Items from a data source
* * *
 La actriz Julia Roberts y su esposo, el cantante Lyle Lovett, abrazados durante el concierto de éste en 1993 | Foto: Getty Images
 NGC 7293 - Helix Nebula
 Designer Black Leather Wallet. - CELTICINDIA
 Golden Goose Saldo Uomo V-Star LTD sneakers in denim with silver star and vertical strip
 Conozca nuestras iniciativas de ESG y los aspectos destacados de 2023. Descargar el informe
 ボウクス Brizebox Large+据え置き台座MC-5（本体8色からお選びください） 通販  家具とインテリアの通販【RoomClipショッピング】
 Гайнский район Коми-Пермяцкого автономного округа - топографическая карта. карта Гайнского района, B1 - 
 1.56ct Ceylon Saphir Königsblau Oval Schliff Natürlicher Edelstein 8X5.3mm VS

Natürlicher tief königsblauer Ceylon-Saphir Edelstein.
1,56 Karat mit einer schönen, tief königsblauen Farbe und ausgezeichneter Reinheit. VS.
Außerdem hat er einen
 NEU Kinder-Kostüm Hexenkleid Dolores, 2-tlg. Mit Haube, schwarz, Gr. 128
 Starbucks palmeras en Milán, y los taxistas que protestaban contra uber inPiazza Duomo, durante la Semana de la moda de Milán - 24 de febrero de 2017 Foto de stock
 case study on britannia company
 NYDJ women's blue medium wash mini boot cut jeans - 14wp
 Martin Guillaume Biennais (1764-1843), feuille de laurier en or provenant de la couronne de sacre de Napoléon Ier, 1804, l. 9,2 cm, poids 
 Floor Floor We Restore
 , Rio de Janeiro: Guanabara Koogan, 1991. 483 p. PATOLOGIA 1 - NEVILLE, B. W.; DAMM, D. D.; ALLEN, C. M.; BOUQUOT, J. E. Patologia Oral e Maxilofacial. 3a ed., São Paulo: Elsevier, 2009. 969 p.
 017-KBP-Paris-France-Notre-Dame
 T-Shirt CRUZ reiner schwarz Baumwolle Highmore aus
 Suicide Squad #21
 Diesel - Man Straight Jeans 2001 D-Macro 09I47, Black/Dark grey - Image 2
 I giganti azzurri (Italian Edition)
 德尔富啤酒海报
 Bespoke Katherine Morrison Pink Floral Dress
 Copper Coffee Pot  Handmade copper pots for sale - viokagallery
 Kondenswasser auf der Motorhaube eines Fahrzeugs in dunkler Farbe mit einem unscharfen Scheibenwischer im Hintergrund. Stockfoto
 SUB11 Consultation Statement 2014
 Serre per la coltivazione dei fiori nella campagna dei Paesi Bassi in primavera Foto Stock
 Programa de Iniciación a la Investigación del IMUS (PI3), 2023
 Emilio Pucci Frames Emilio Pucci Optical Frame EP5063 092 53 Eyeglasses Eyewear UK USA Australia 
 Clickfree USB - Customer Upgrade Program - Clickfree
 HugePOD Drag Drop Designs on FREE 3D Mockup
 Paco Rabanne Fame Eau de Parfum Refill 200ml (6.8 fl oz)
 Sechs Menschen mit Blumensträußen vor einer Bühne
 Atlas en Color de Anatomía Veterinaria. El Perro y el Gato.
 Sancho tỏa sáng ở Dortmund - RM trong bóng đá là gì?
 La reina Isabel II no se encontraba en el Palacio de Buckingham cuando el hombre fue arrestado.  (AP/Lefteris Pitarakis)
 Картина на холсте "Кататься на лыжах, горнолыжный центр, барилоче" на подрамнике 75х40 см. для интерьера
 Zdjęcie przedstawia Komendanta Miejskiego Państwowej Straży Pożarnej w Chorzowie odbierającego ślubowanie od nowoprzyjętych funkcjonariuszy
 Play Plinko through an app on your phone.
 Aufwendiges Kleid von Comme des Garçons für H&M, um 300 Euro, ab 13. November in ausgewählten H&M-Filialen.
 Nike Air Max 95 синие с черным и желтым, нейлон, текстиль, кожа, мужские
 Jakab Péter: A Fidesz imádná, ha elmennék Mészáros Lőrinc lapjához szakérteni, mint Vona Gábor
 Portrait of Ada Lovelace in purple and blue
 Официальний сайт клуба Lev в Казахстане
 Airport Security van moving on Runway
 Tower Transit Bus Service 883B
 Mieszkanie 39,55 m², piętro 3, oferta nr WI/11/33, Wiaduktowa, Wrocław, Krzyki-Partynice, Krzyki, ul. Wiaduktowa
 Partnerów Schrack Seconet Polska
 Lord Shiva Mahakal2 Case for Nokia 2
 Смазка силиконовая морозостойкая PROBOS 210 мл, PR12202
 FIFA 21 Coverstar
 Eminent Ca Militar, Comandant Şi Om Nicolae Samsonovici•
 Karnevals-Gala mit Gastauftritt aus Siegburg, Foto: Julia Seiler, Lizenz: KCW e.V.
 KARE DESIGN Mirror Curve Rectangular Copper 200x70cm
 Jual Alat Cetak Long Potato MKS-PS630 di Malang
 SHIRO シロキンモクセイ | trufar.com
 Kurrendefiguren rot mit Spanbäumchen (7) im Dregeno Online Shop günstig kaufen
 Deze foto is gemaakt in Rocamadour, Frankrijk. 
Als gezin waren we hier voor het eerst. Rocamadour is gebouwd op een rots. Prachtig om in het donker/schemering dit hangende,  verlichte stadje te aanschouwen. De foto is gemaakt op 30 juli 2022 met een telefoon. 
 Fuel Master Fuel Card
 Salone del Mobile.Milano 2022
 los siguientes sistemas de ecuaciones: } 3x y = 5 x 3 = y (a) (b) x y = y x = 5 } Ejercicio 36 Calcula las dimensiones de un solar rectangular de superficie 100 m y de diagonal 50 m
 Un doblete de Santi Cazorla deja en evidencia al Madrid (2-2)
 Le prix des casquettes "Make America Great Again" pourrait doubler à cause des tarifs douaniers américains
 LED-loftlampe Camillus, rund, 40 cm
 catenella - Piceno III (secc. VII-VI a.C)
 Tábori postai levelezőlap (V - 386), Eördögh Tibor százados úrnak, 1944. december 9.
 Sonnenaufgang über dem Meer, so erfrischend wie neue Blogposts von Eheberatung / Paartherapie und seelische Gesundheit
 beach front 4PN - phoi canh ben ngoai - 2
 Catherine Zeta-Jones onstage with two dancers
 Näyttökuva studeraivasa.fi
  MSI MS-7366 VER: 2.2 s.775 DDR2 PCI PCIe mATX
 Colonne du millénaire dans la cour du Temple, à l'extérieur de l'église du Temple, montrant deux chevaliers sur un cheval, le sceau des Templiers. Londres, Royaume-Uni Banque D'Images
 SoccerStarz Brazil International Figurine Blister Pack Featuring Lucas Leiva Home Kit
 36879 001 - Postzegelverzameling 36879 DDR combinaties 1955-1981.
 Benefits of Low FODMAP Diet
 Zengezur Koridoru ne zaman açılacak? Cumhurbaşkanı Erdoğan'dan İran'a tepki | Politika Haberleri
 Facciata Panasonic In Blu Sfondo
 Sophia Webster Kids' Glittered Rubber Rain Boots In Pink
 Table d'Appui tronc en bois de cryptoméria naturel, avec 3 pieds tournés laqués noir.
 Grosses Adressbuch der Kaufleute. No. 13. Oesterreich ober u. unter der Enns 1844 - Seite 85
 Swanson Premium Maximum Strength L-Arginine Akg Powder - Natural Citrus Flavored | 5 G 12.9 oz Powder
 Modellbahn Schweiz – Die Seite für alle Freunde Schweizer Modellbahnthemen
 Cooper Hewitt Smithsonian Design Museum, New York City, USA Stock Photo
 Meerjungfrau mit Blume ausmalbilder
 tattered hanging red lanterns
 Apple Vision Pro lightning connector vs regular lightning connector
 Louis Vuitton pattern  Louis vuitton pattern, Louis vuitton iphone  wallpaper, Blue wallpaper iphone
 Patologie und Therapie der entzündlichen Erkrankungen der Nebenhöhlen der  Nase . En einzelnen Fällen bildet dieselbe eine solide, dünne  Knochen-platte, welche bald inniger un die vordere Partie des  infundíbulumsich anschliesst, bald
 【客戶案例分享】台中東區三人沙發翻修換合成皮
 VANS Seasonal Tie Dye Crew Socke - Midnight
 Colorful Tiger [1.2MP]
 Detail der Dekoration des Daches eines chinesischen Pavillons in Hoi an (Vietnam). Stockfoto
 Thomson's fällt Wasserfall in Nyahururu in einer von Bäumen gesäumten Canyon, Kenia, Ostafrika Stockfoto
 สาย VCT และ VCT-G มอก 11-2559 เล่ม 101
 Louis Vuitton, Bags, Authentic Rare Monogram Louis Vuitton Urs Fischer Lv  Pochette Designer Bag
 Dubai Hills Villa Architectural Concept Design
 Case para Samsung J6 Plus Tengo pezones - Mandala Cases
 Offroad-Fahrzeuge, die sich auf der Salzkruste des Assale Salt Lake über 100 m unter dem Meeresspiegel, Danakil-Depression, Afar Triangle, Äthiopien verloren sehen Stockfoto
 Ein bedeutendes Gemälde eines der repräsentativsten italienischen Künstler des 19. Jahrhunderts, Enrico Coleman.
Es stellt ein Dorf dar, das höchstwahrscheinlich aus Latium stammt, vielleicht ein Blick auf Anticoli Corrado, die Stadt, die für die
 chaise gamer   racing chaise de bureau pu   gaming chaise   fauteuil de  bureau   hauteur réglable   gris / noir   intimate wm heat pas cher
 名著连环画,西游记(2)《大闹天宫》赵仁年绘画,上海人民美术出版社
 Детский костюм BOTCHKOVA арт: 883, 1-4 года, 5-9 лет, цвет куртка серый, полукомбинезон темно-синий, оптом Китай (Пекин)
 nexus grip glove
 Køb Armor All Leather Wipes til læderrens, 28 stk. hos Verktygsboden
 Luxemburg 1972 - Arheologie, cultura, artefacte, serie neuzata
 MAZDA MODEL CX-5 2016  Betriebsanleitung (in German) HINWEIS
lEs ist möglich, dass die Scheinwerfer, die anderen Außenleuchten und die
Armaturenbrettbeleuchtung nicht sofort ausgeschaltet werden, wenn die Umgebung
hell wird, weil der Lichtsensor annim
* * *
PROBLEM DETAILS - Find the word "Designer" in the entries, then copy out every line that has it.

WRITTEN ANSWER -
 Designer Black Leather Wallet. - CELTICINDIA
 Louis Vuitton, Bags, Authentic Rare Monogram Louis Vuitton Urs Fischer Lv  Pochette Designer Bag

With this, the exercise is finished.